Deutsche Braumeister und französische Winzer verlassen sich nicht mehr nur auf ihr traditionelles Handwerk. Wie experimentierfreudig sind Hamburger und Toulouser mit Bier und Wein?
Die reine Liebe zum Bier
Am 23. April 2016 wurde in Deutschland das weltweit älteste, ein Konsumgut betreffendes Gesetz gefeiert. Welches Produkt rechtfertigt diese Inbrunst? Das Bier !
Das Reinheitsgebot schrieb Braumeistern die Verwendung von ausschließlich vier Zutaten vor: Wasser, Malz, Hopfen und Hefe. Es handelte sich um eine Maßnahme zum Schutz der öffentlichen Gesundheit, denn nach der Verkostung von einigen sehr „kreativ“ gebrauten Bieren unter Zusatz von verschiedenen Kräutern, Ruß oder sogar Belladonna war es zu plötzlichen Todesfällen gekommen.
Das Gesetz ist geblieben und die Reinheit des deutschen Bieres ist eine Quelle des (National-)Stolzes geworden. Darin ähneln die deutschen Braumeister auf seltsame Art und Weise französischen Winzern. Aber Vorsicht! Die Sache ist heikel. In der Tat bewahren die großen Hamburger Brauereien wie Holsten oder Astra immer noch dieses Erbe, und ihre Biere sind weiterhin sehr beliebt – das bezeugen die leeren Bierdosen, die sich zu Beginn der Grillsaison auf den Liegewiesen finden lassen. Aber die Deutschen trinken weniger Bier und sind immer anspruchsvoller und neugieriger. Sie interessieren sich mehr und mehr für Biere, die Kräuter oder Auszüge von Karamell oder Kaffee beinhalten und somit weniger orthodox hergestellt wurden und nicht in Deutschland gebraut, jedoch hier verkauft werden dürfen.
Diese Neugier wird von einer neuen Konsumentenhaltung begleitet, insbesondere unter der jungen städtischen Bevölkerung, zu der auch ich gehöre: Man trinkt nicht mehr nur um sich zu erfrischen – man kostet, analysiert, beschäftigt sich mit der Herstellung, und die lokalen Bierbrauereien haben einen Erfolg, der nicht zu unterschätzen ist. Manche beginnen sogar, ihr eigenes Bier zu brauen, auch auf die Gefahr hin, Magenkrämpfe zu bekommen und dutzende Liter verrinnen zu lassen.
In vino animus
Wer den Wein nicht liebt, hat es hier schwer. Zu wissen, dass Sauvignon keine Stadt in der Provence ist und Fruchtgehalt nichts mit der Erdbeerdichte in Sektbowle zu tun hat, ist allein schon wichtig, um bei einem Mitbringsel nicht völlig daneben zu liegen. Inmitten einer Weinregion mit dreißig verschiedenen Appellationen, eingekreist von Gaillac, Fronton und Cahors und unweit von Bordeaux, sind die edlen Tropfen in Toulouse traditionell eine Leidenschaft. Gerade die Fachleute schwärmen seit einiger Zeit von Bio-Wein oder doch zumindest Naturwein, der oft fruchtiger schmeckt und vor allem frei von Zusatzstoffen ist.

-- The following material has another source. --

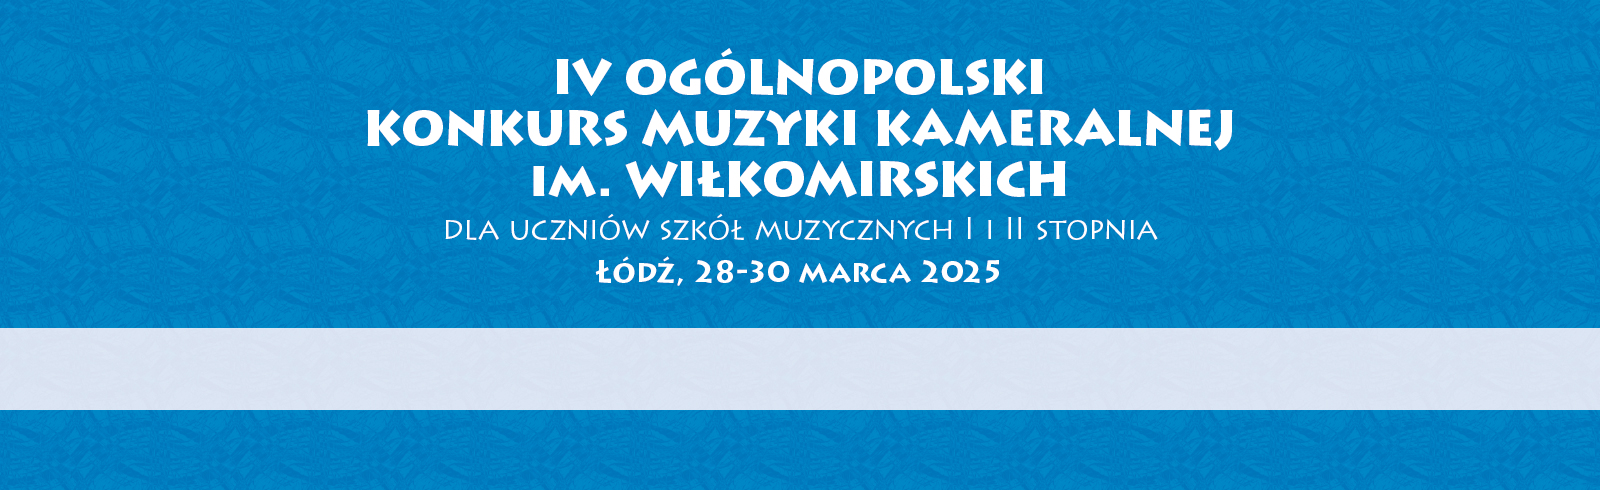 IV Ogólnopolski Konkurs Muzyki Kameralnej 2025-03-28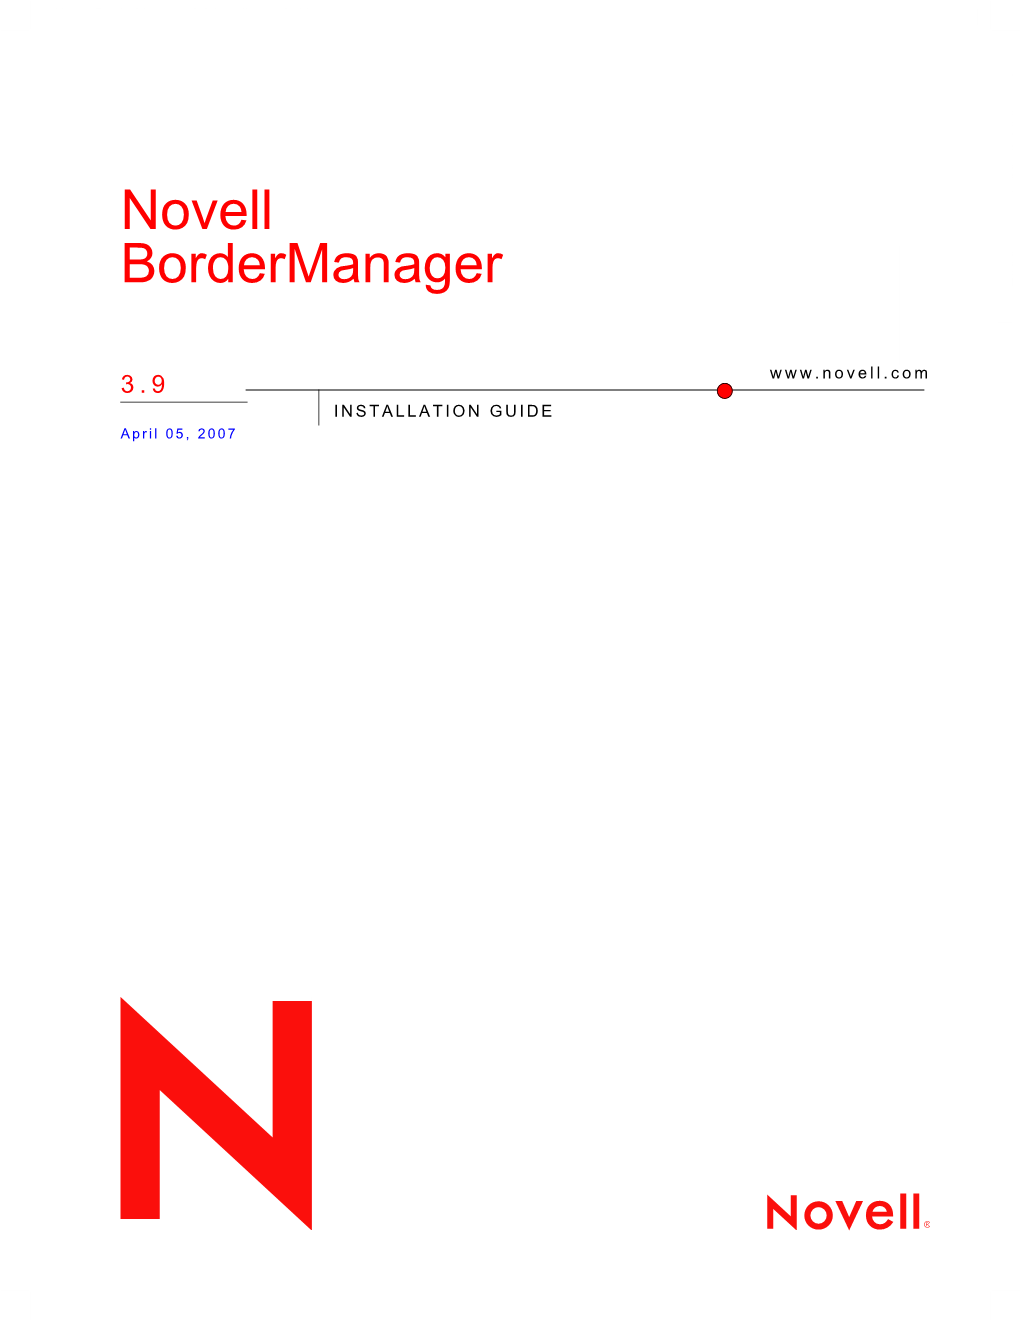 Novell Bordermanager 3.9 Installation Guide Novdocx (ENU) 29 January 2007

Doch so mancher Toulouser, der schon im Kindesalter den ersten Roten zu kosten bekam, kann bei diesem Thema richtig laut werden und schwenkt verächtlich den sprudelnden Rosé in die Balkonpflanze, um den gewohnten Côte du Rhône zu entkorken, auch wenn vom Schwefel am nächsten Tag der Schädel brummt. Die jüngere Generation scheint mir nur stellenweise experimentierfreudiger, ist aber auf jeden Fall zurückhaltender, was das Glas Wein am Mittagstisch betrifft. Gerüchten nach tranken die Großeltern hier schon zum Frühstück Wein, die Eltern am Mittag, und die jungen Erwachsenen beschränken sich nun eher auf den Abend. Dennoch gibt es viele junge Weinbauern und -händler, die an die Tradition anknüpfen wollen, das Interesse scheint in letzter Zeit sogar noch zu steigen. Dass ich in Deutschland manchmal Weißwein mit Sprudel trinke, will mir hier niemand so recht glauben, und so orientiere mich bei der Auswahl im Zweifel an den glänzenden Medaillenaufklebern auf dem Etikett und halte den Mund, zumindest solange, bis jemand von australischem oder belgischem Bier erzählt.